Deskripsi Ayam Broiler | Ayam broiler atau ayam pedaging adalah ayam jantan dan ayam betina muda yang berumur 8 minggu ketika dijual dengan bobot tubuh tertentu, mempunyai pertumbuhan yang cepat serta mempunyai dada yang lebar dengan timbunan daging yang baik dan banyak (Rasyaf, 2003).

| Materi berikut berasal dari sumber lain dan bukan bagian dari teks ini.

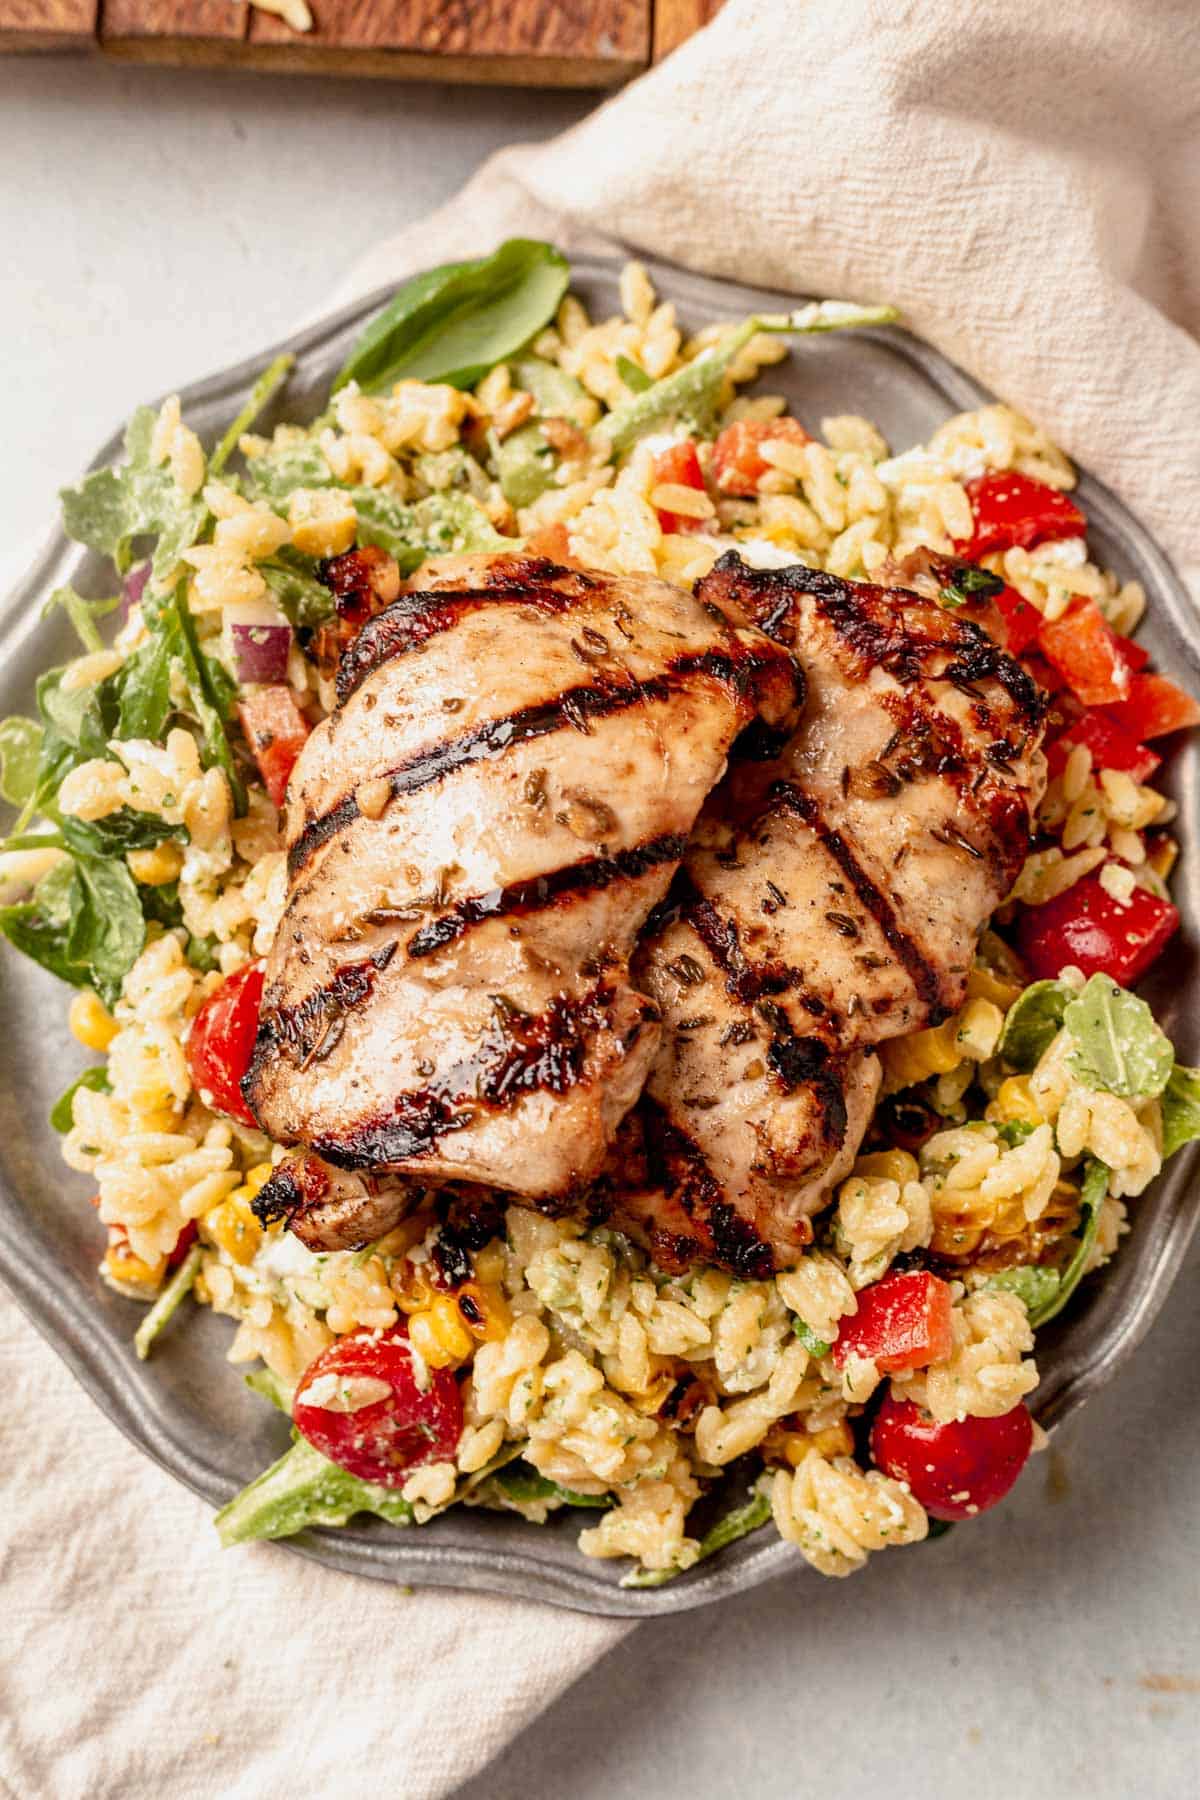 grilled chicken thighs on top of orzo pasta salad

Menurut Ensmiger (1980) yang dinamakan ayam broiler adalah ayam jantan atau betina muda yang dipelihara selama 7-10 minggu dan mempunyai daging yang empuk, lembut, tekstur kulitnya lunak serta tulang dada yang fleksibel. North dan Bell (1990) bahkan memberikan pembatas yang lebih khusus yaitu bahwa ayam broiler adalah ayam yang dijual dengan umur 7-8 minggu dengan berat badan 1,8 kg.
Muslim (1992) menyatakan bahwa pada usia 5-6 minggu ayam broiler telah mencapai berat badan 1,4-1,6 kg, untuk mendapatkan kecepatan pertumbuhan berat badan yang baik ayam pedaging memerlukan ransum yang jumlahnya cukup dan kualitasnya baik.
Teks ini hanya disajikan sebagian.